The results of the Social model of evolution of intelligence following Mendelian inheritance and the General Theory of Conditional Evolution of Life (GTCEL) are surprising, which can be observed both in the statistical graphs and in the table resume. An aspect that will especially allow us to reach some important conclusions is the model sensitivity of the arrangement criterion.

Also, it is interesting to verify the fact that the objective function R is almost as powerful as variable M of mothers and F of fathers together.

The Social Model of this statistical study has been examined in its double formulation, on one hand, calculating the correlation with respect to the objective function R, determined in accordance with Mendelian inheritance and the General Theory of Conditional Evolution of Life (GTCEL). On the other hand with respect directly to the variables Mothers (M) and Fathers (F), estimating the model with the method of the ordinary least squares, allowing for a comparative analysis between the two formulations.

The groups located on the right hand side have been previously ordered with the variables mentioned at the bottom of the graphs. (*)

The effectiveness of the compensations of deviations from Mendelian inheritance and differences due to the expression and measurement of the IQ in C variables will be optimum.The groups divided in stratums will allow for a suitable adjustment of the tendency or relation between the variables of the model.

Variables *(M+P)/2, *M1P1 and *R are similar while variable *WB adjust better when is used to rearranged the groups.

Variables *M1F1 and *R only incorporate, so far, the partial effect of the Mendelian inheritance and, therefore, variable *WB (Wechsler intelligence test) is a better order criterion. Nevertheless, this does not take place in all cases; it is definitely a consequence of the incorporation of the differences due to the expression and measurement of the IQ in C variables, which does not happen with variables *M1F1 and *R.

An interesting aspect, in which I haven’t gone into much depth, is the different form of the value graphs without previous arrangement, the T4 and WB on one side, and the T1 on the other. The correlations of the later displays the common saw-tooth forms of the arranged values with greater clarity but without the rising tendency.

It’s as if there were uncollected deviations only in the T1 variable of the children which is compensated for to a great extent and therefore should be random and, at the same time, is independent of the intelligence quotient (IQ) values. Perhaps it is due to the young age of the children when they took the intelligence test.

The aforementioned deviation was produced for the correlation with the R function as a dependent variable and for M&F as dependent variables as well. Although, for the second case, the compensation is much more accurate and could show that, in some way, the information regarding this deviation is lost in the creation of the R function from the M&F variables.
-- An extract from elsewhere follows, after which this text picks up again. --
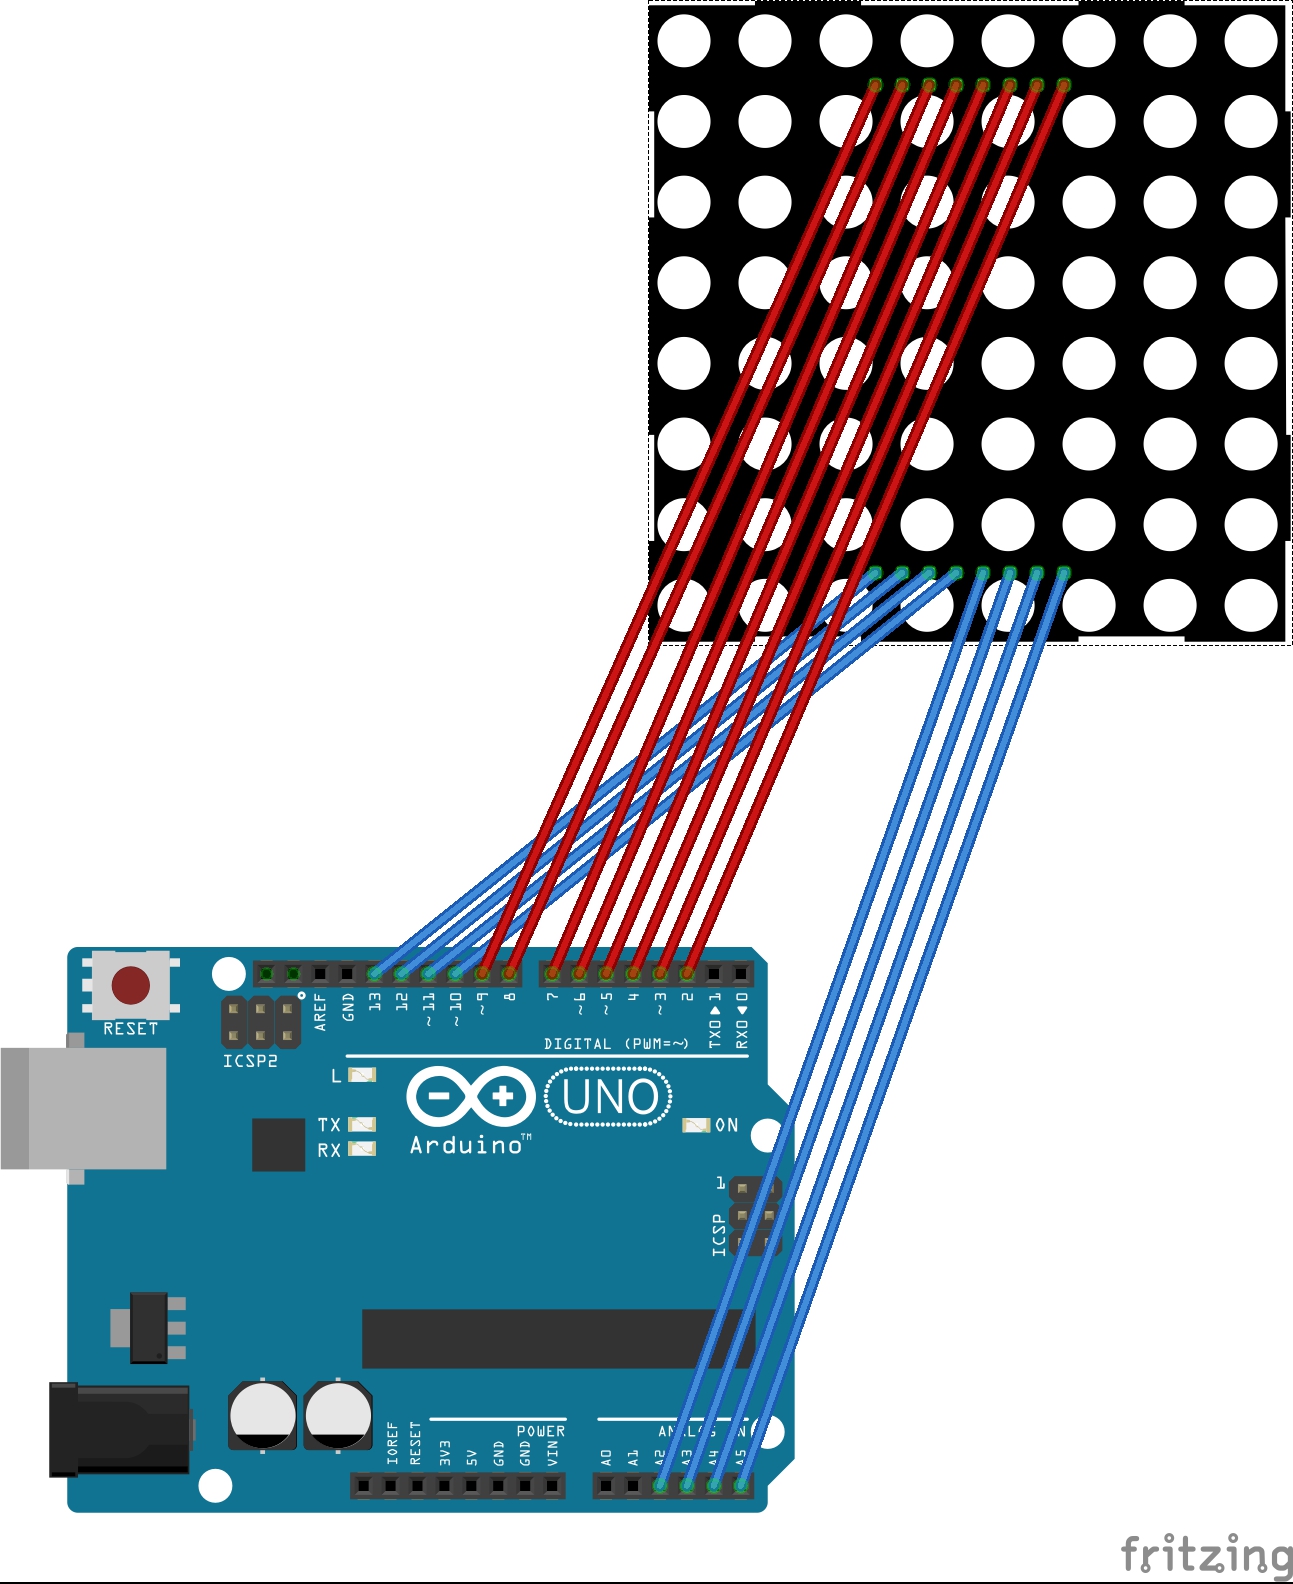 ufravigelige Margaret Mitchell konstruktion YOUR OWN SHAPE - 8x8 LED Matrix Arduino - Hackster.io

Sorry for the complexity of these last paragraphs. Please, bear in mind that, although they involve a deep analysis, they are referred to marginal aspects of the statistical study and do not affect its main conclusions.

3. Statistical significant figures of this particular graph

As you can clearly see by its form, two dependent variables of the children T1 and T4, analyzed in the model, behave in a very similar way to the progenitors' explanatory variable R

In fact, the determination coefficient is bigger than 0,8 for both variables of the children T1 and T4 which is a significantly high value for the generally acepted value in other works about intelligence heritability.

The general multidimensional correlation index (ICMG) is 13,22 which is relatively low in the whole EDI study.

The WB variable of the children differs from the other two variables of the children, but this seems to be due to the fact that it is also used as an arrangement criterion. Even though it seems contradictory in principle, this effect is due to the fact that the statistical deviations of this variable have a double effect, they not only disturb the correlation as a dependent variable but the dependent variables as well by being used as an arrangement criterion, which creates greater distortions.

The highest determination coefficient of this graph is 0,92 which is a high value for this type of research.